For every line below, restate it exactly and drop the images.

BEGIN Raw data

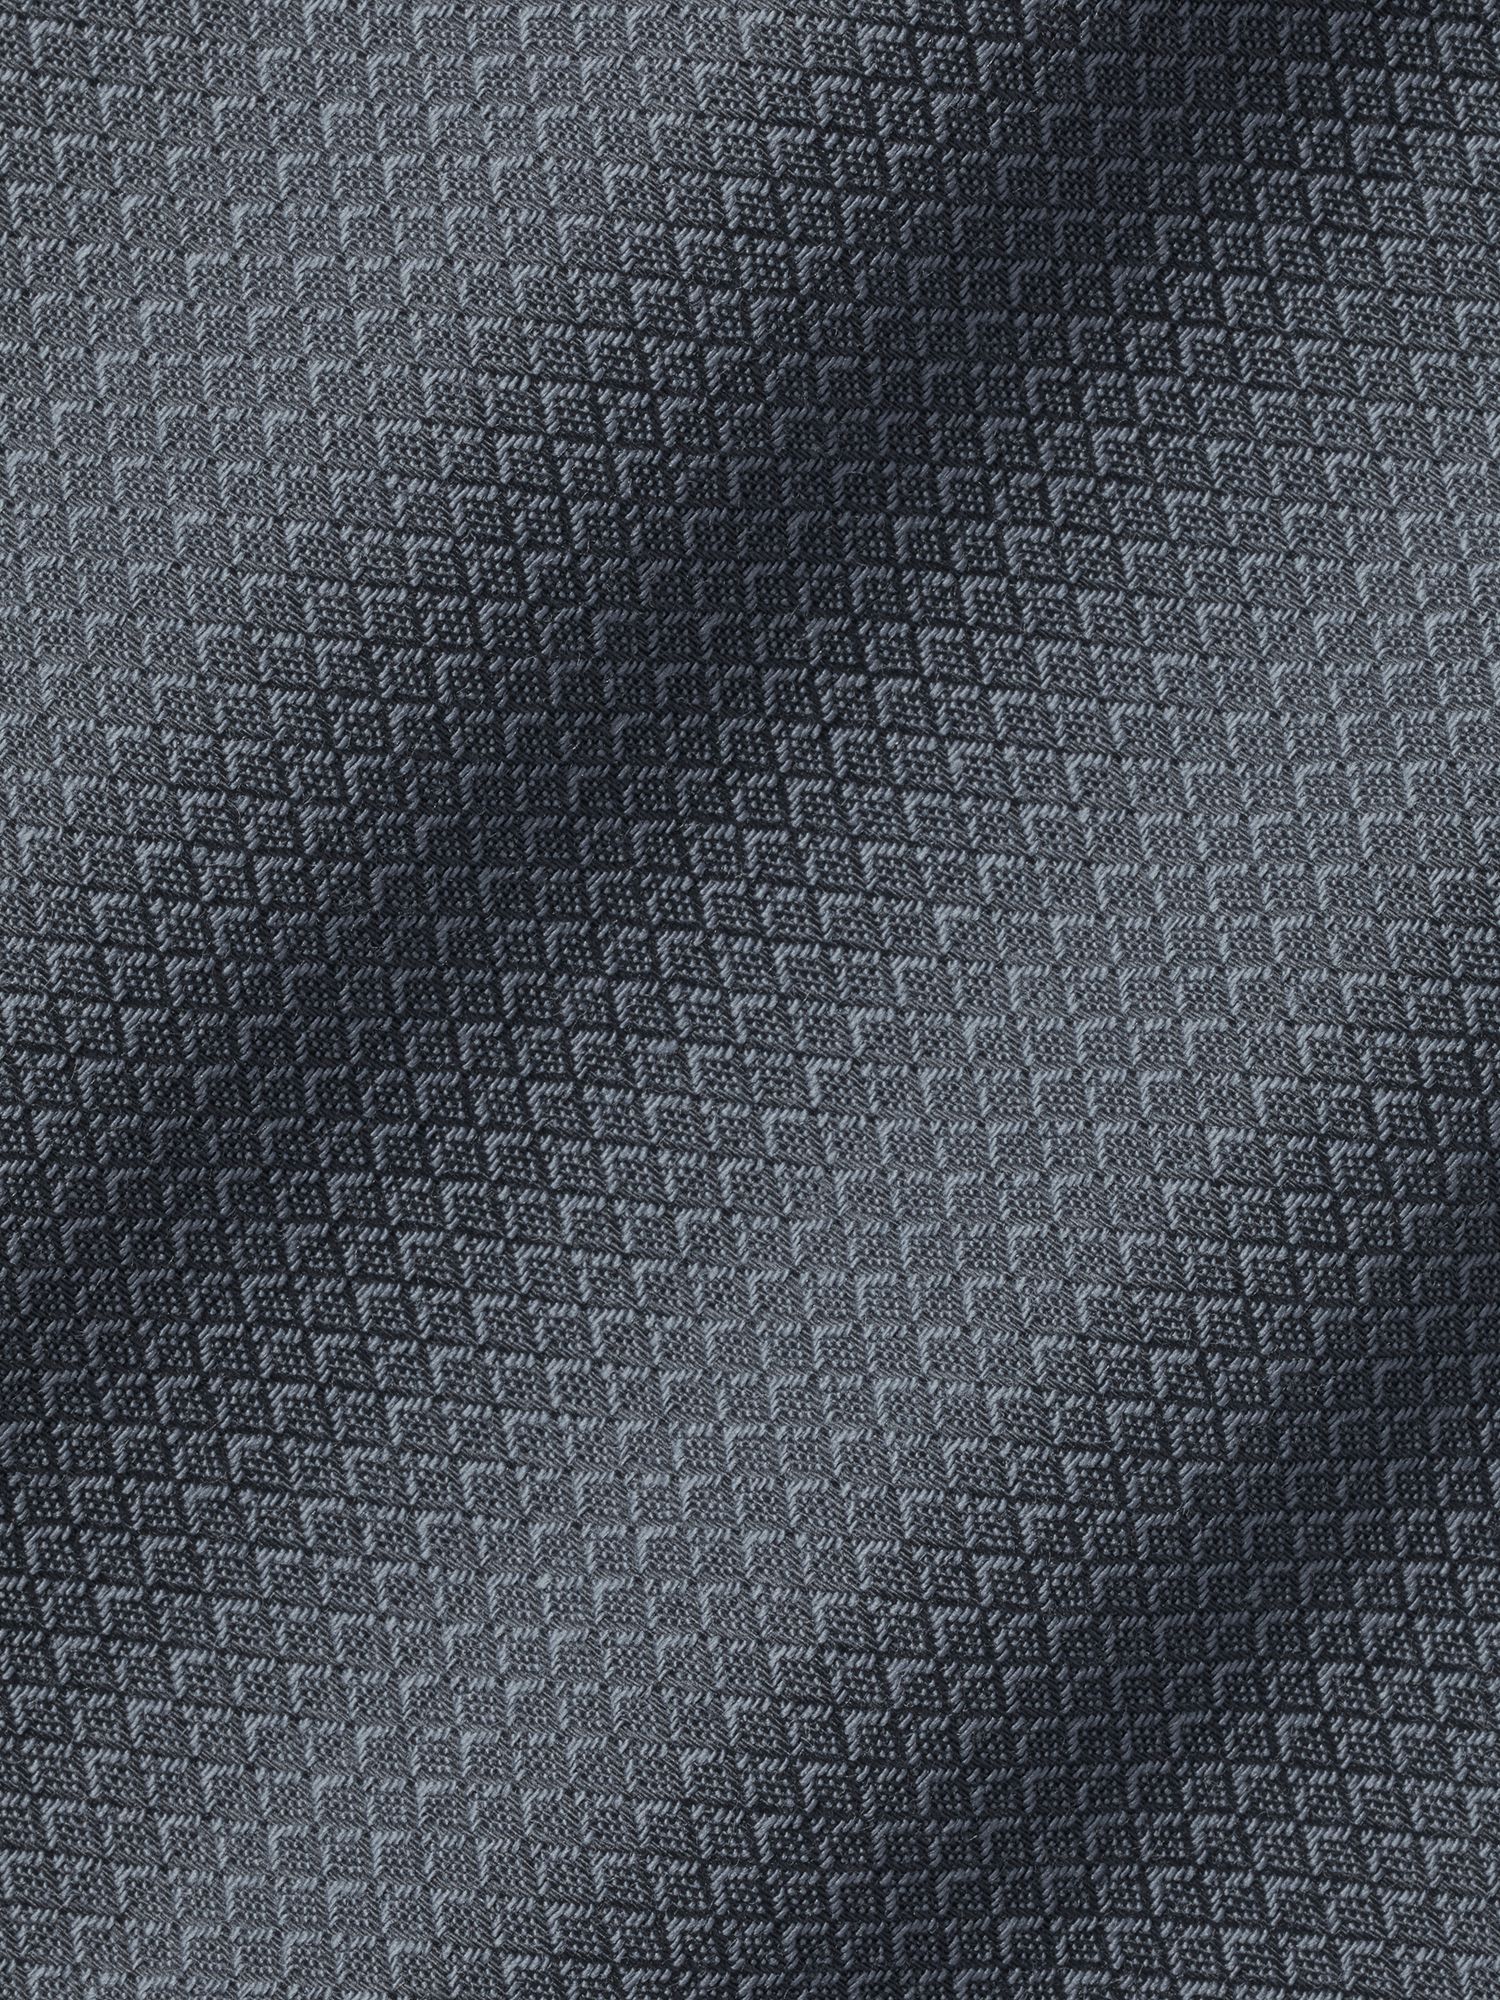 Charles Tyrwhitt Diamond Stretch Texture Non-Iron Slim Fit Shirt, Charcoal Grey, 14.5
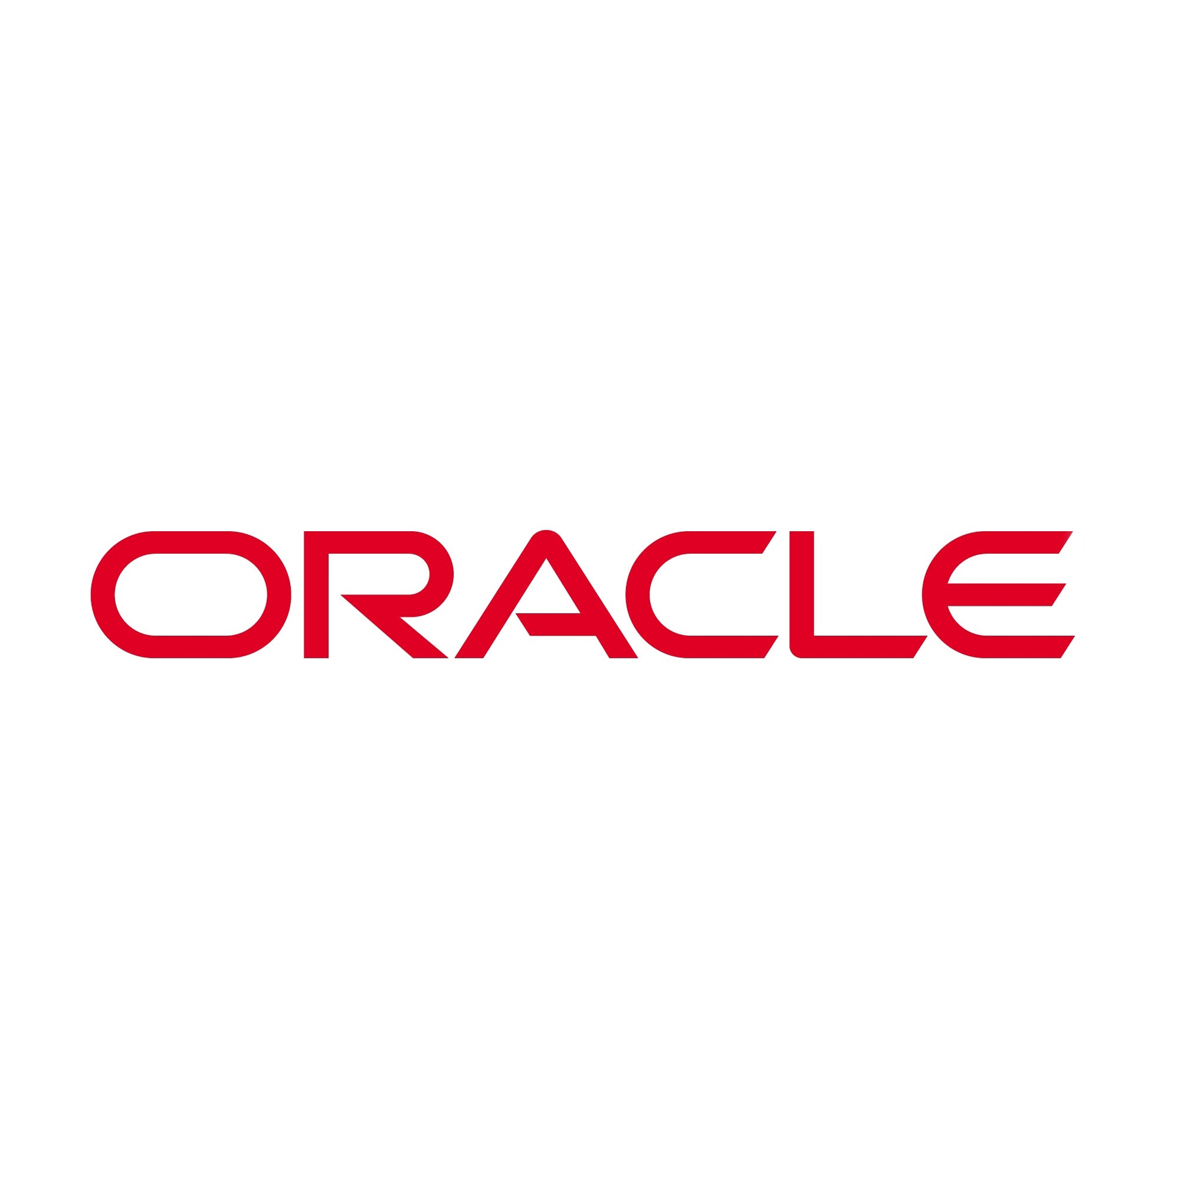  Top Enterprise CRM Solution Logo: Oracle
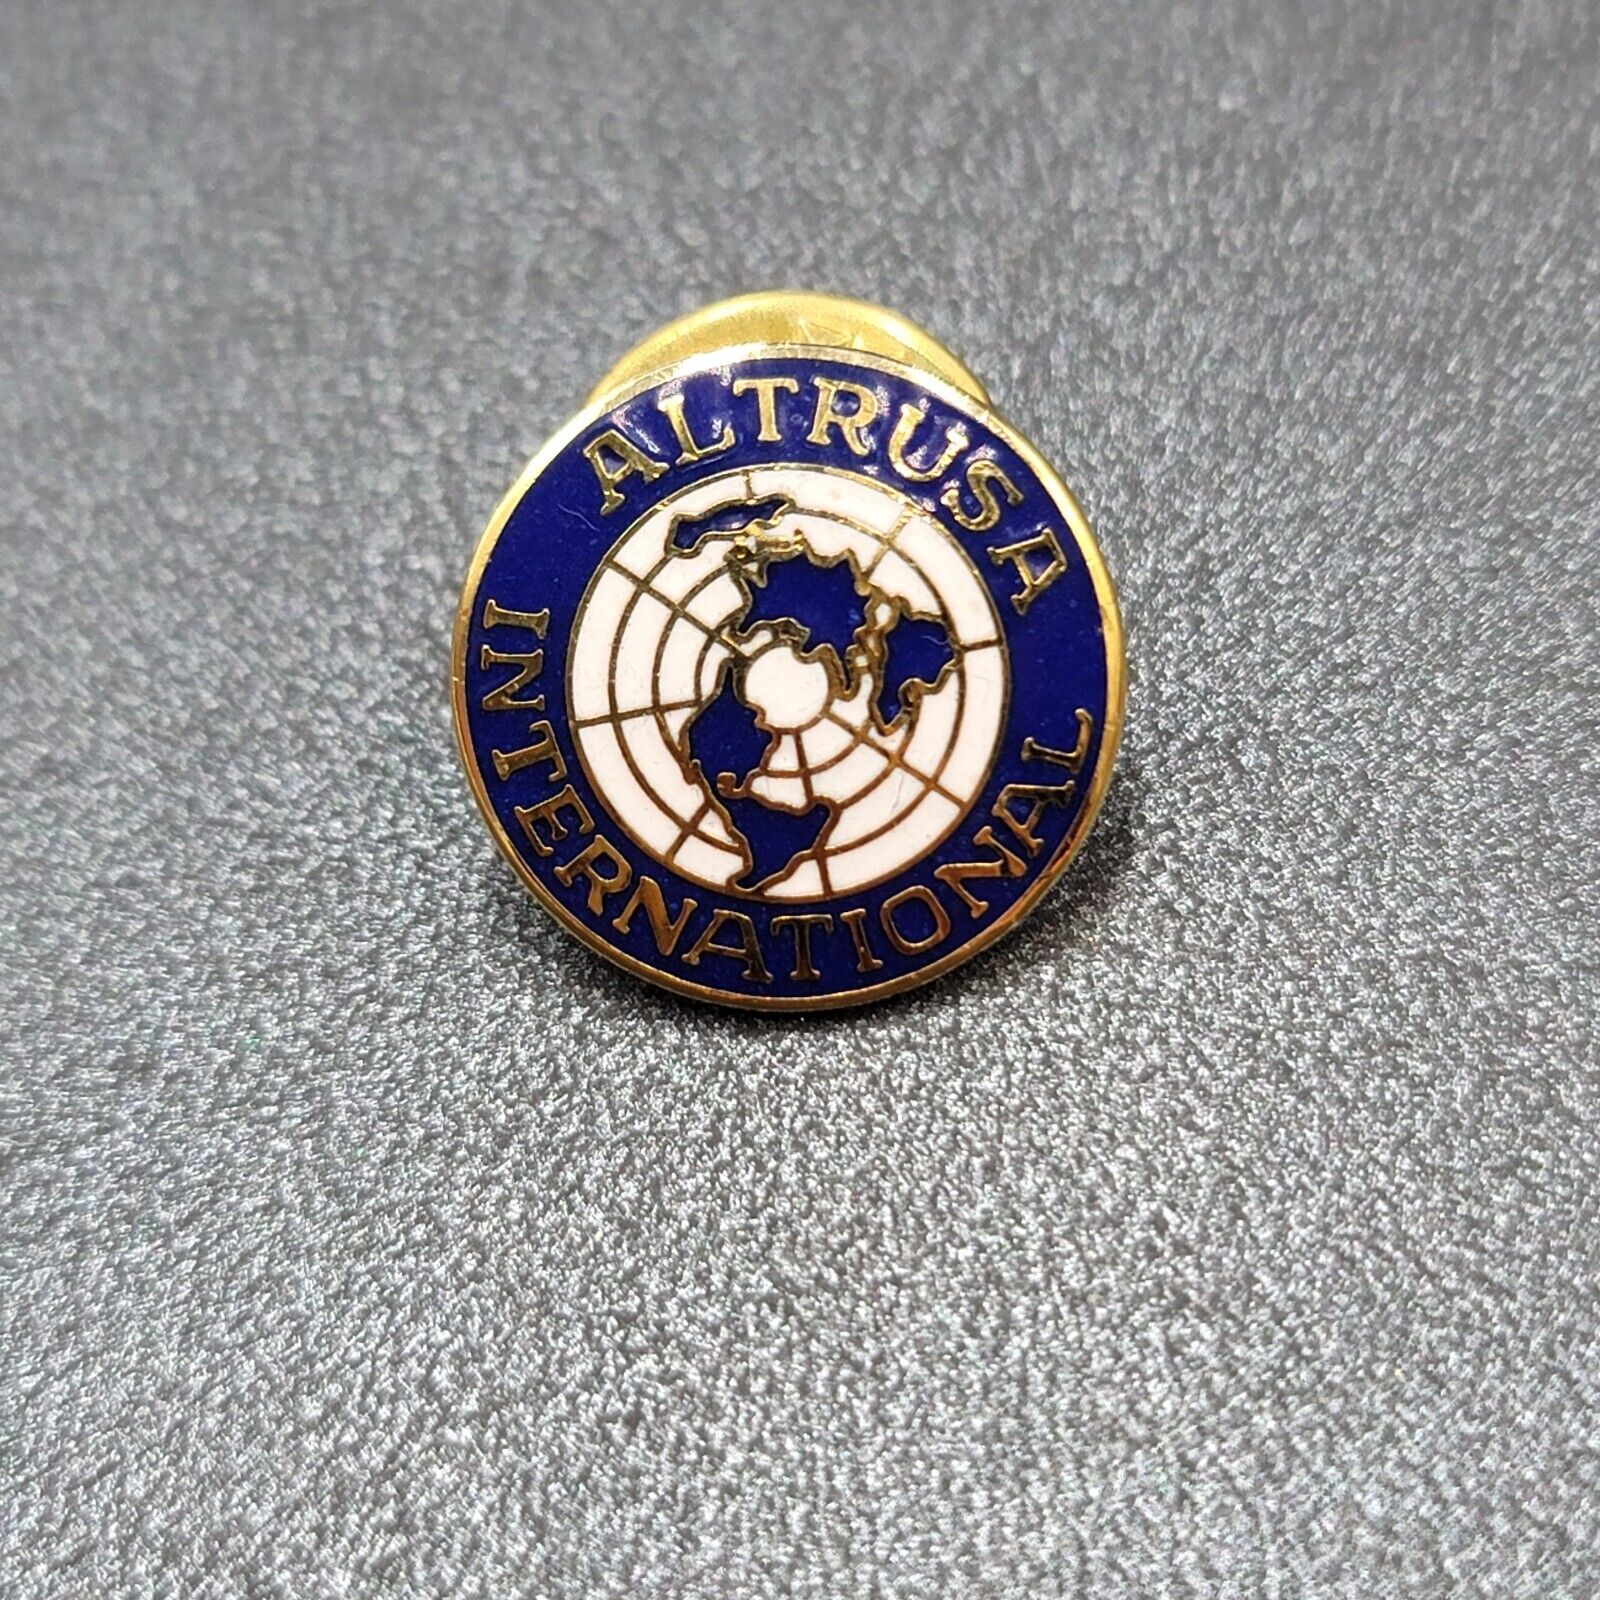 Vintage Altrusa International Club Community Service Pin

END Raw data

*Task result*
 Charles Tyrwhitt Diamond Stretch Texture Non-Iron Slim Fit Shirt, Charcoal Grey, 14.5
  Top Enterprise CRM Solution Logo: Oracle
 Vintage Altrusa International Club Community Service Pin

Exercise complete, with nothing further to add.